本文記錄解答MIT 6.828 Lab 1 Exercise 10時遇到的一個Bug。
問題描述
在i386_init入口處設置斷點並運行,發現執行memset(edata, 0, end - edata);
時,QEMU窗口會打印以下日志並卡住,GDB窗口會異常結束。這是什么原因?
代碼如下所示:
void i386_init(void)
{
extern char edata[], end[];
// Before doing anything else, complete the ELF loading process.
// Clear the uninitialized global data (BSS) section of our program.
// This ensures that all static/global variables start out zero.
memset(edata, 0, end - edata);
// Initialize the console.
// Can't call cprintf until after we do this!
cons_init();
cprintf("6828 decimal is %o octal!\n", 6828);
// Test the stack backtrace function (lab 1 only)
test_backtrace(5);
// Drop into the kernel monitor.
while (1)
monitor(NULL);
}
QEMU窗口打印的錯誤日志:
EAX=00000000 EBX=00000000 ECX=000001a9 EDX=00000000
ESI=00000000 EDI=f0113000 EBP=f010ffd8 ESP=f010ffcc
EIP=f010171b EFL=00000002 [-------] CPL=0 II=0 A20=1 SMM=0 HLT=0
ES =0010 00000000 ffffffff 00cf9300 DPL=0 DS [-WA]
CS =0008 00000000 ffffffff 00cf9a00 DPL=0 CS32 [-R-]
SS =0010 00000000 ffffffff 00cf9300 DPL=0 DS [-WA]
DS =0010 00000000 ffffffff 00cf9300 DPL=0 DS [-WA]
FS =0010 00000000 ffffffff 00cf9300 DPL=0 DS [-WA]
GS =0010 00000000 ffffffff 00cf9300 DPL=0 DS [-WA]
LDT=0000 00000000 0000ffff 00008200 DPL=0 LDT
TR =0000 00000000 0000ffff 00008b00 DPL=0 TSS32-busy
GDT= 00007c4c 00000017
IDT= 00000000 000003ff
CR0=80010011 CR2=00000040 CR3=00112000 CR4=00000000
DR0=00000000 DR1=00000000 DR2=00000000 DR3=00000000
DR6=ffff0ff0 DR7=00000400
EFER=0000000000000000
Triple fault. Halting for inspection via QEMU monitor.
GDB窗口打印的錯誤日志:
Program received signal SIGTRAP, Trace/breakpoint trap.

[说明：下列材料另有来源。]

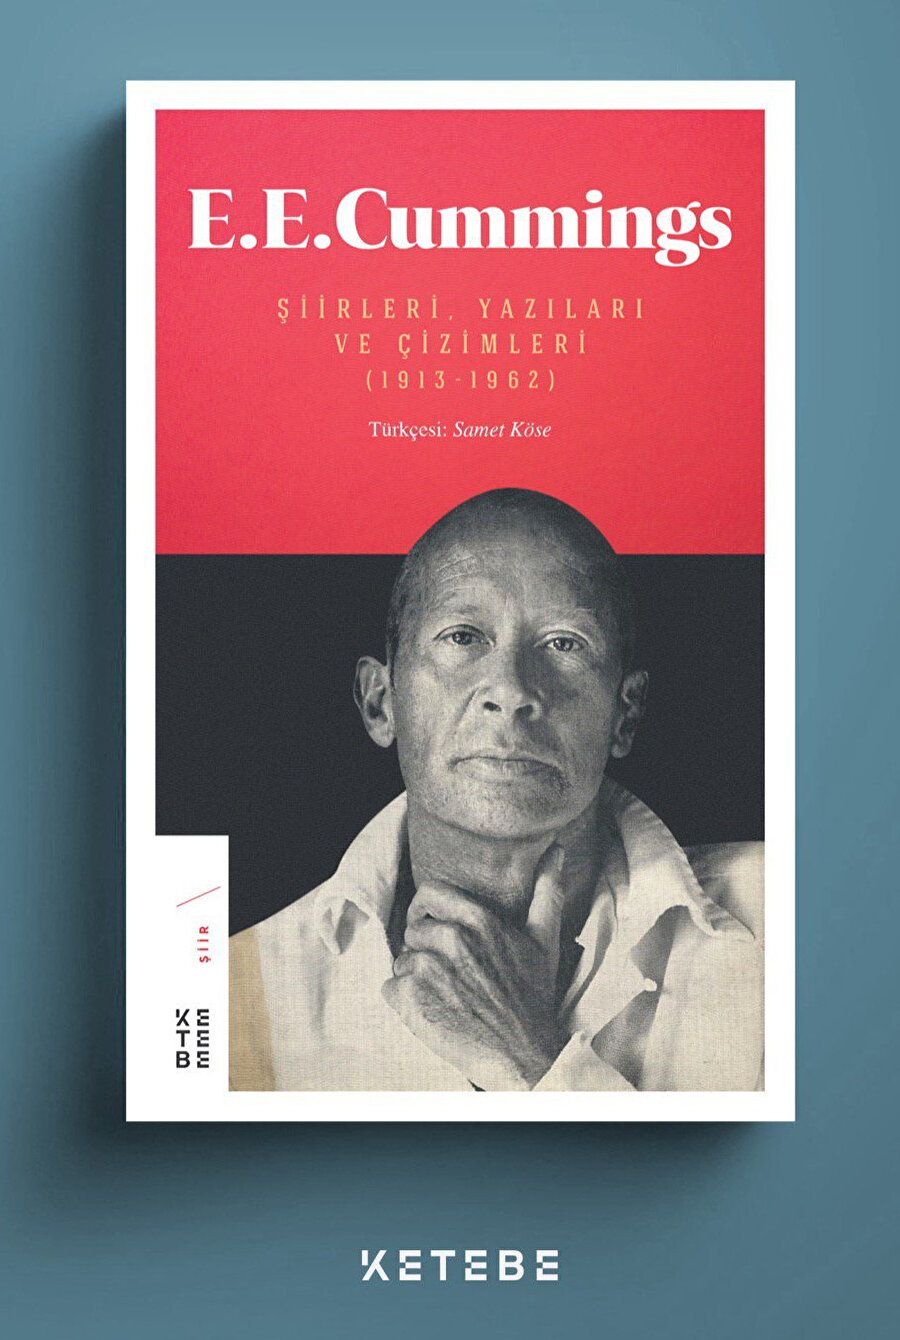 E.E Cummings’in 1913-1962 yıllarını kapsayan, Şiirleri, Yazıları ve Çizimleri alt başlığıyla okuyucuya duyurulan hacimli kitap, Ketebe Yayınları’ndan çıktı.

The target architecture is assumed to be i386
=> 0xf010171b <memset+73>: Error while running hook_stop:
Cannot access memory at address 0xf010171b
0xf010171b in memset (
v=<error reading variable: Cannot access memory at address 0xf010ffd0>,
c=<error reading variable: Cannot access memory at address 0xf010ffd4>,
n=<error reading variable: Cannot access memory at address 0xf010ffd8>) at lib/string.c:131
1: $ebp = (void *) 0xf010ffd8
2: $esp = (void *) 0xf010ffcc
3: /x $eax = 0x0
4: /x $ebx = 0x0
5: $ecx = 488
6: $edx = 0
8: /x $edi = 0xf0112f04
9: /x $esi = 0x0
10: *0xf0111300@10 = <error: Cannot access memory at address 0xf0111300>
11: *0xf0112f00@10 = <error: Cannot access memory at address 0xf0112f00>
12: *0xf01136a0@10 = <error: Cannot access memory at address 0xf01136a0> asm volatile("cld; rep stosl\n"
定位過程
-
memset的匯編實現中是重復執行stosl命令,將0依次傳到0xf0111300~0xf01136a4這段內存空間,每次傳4字節,共需重復2281次。調試中發現,當執行到第2281-488=1793次時,也就是將0傳給0xf0112f04這個地址時系統就報錯了。
-
從官方地址上下載一份干凈的代碼重新編譯執行,發現同樣在memset會崩潰,但我記得很早以前第一次下載代碼來運行時是正常的,很奇怪。
-
注釋掉memset這一行,發現可以繼續運行,但跑到monitor時會在QEMU窗口不斷打印亂碼與"unknown command."信息。使用gdb逐步執行時發現是readline時用戶根本沒輸入但依然能讀到數據,顯示出來是亂碼,因此解析輸入內容時會報“Unknown command”。
-
下午使用gdb跟蹤readline及getchar的代碼,最終跟蹤到通過IN指令來獲取輸入數據的地方,但只能觀察到用戶沒輸入IN指令也能返回,確認不了原因。我懷疑是前面注釋了memset語句,導致I/O需要用到的內存空間沒初始化,進而出錯。因此只能繼續定位memset為什么出錯。
-
晚上決定先確認下是否只有0xf0112f04這個地址的初始化才會有問題,於是memset時避開這個地址,發現果然memset可以成功,但跑到monitor時會崩潰。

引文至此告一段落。